■ Your objective
Go through the listing below and retype exactly the lines starting at the one with "Long's Peak Council" and ending at the one with "SHS Tie or House Branded Ties", skipping pictures.

■ Supplied records
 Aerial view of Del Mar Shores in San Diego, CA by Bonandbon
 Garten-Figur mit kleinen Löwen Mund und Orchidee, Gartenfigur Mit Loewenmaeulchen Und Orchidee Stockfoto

--

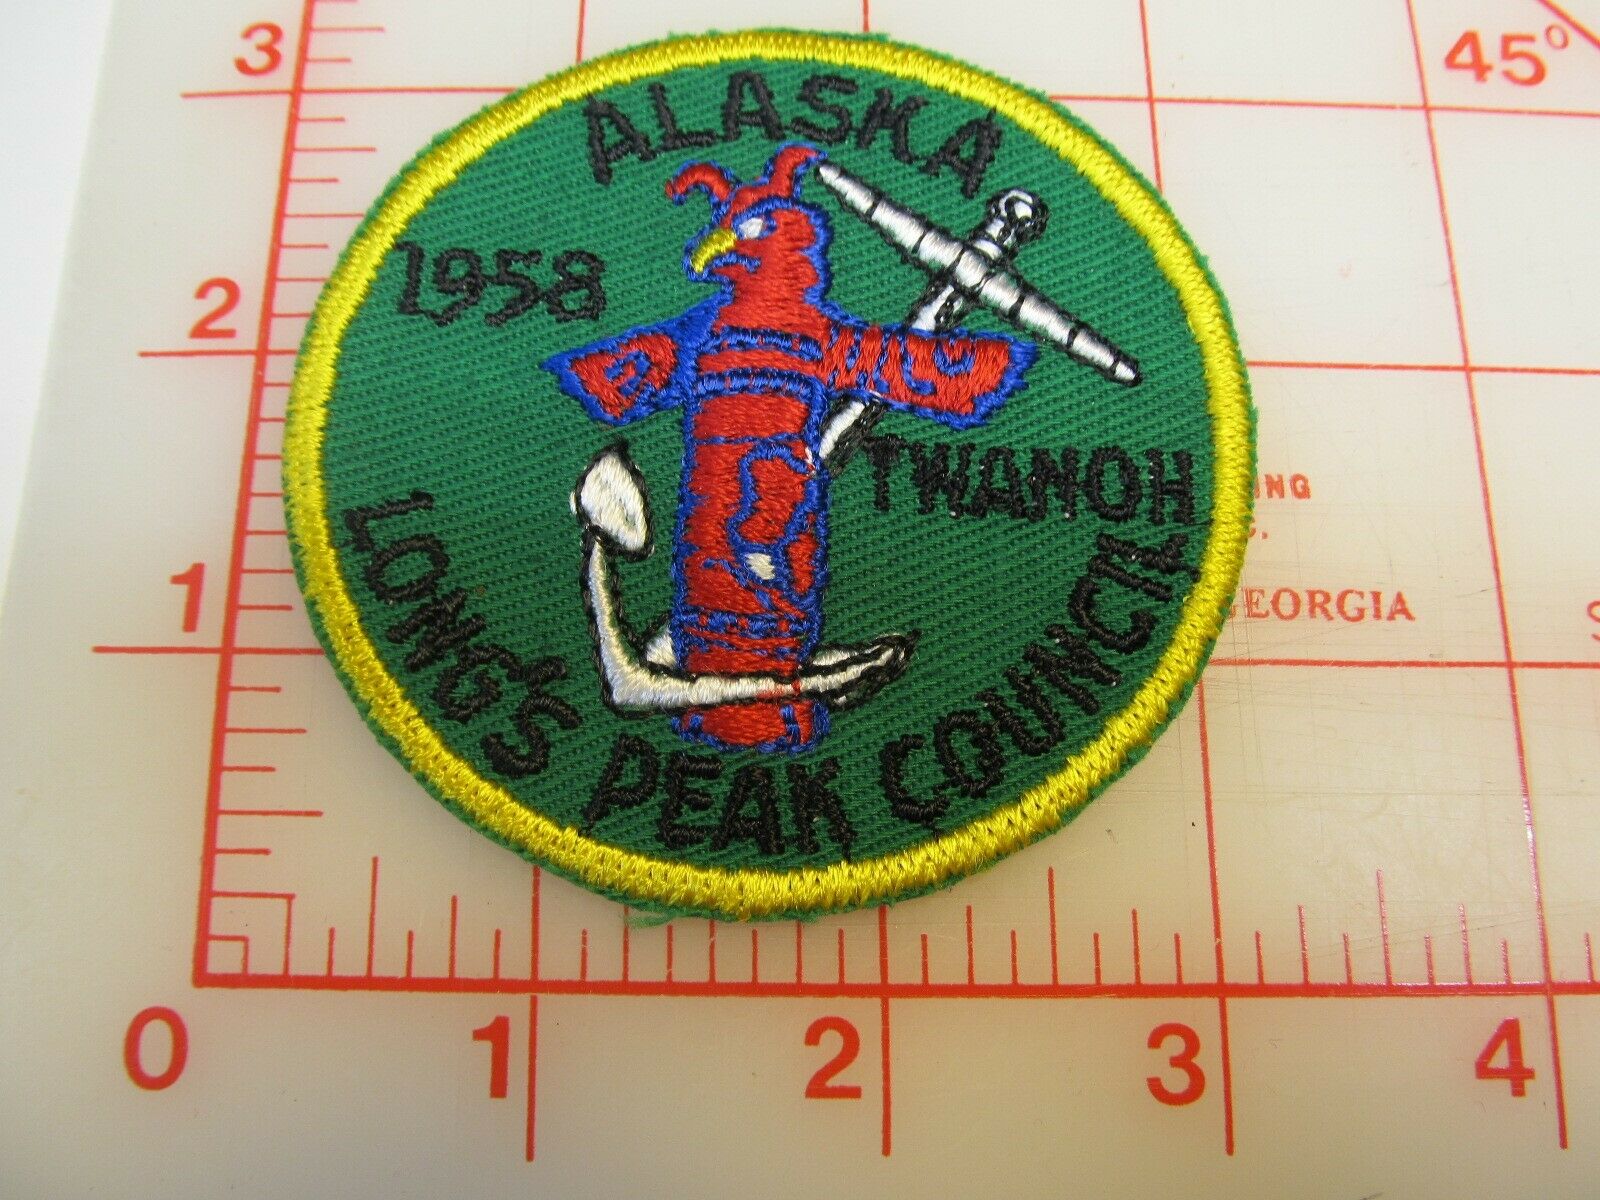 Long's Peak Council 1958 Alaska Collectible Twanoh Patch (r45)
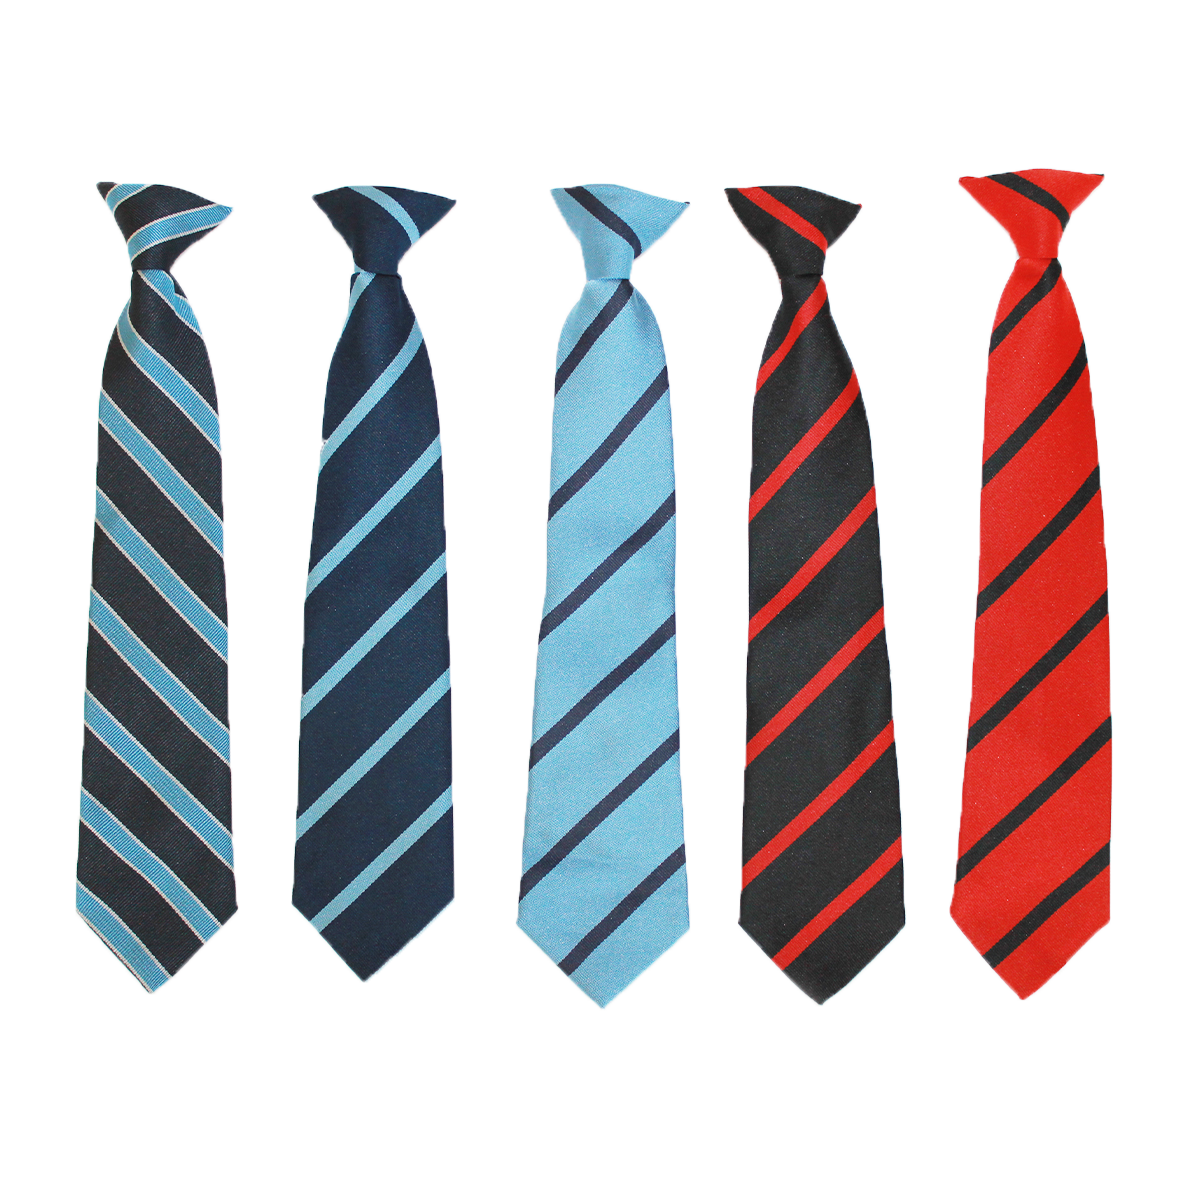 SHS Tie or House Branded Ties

■ Answer section
 Long's Peak Council 1958 Alaska Collectible Twanoh Patch (r45)
 SHS Tie or House Branded Ties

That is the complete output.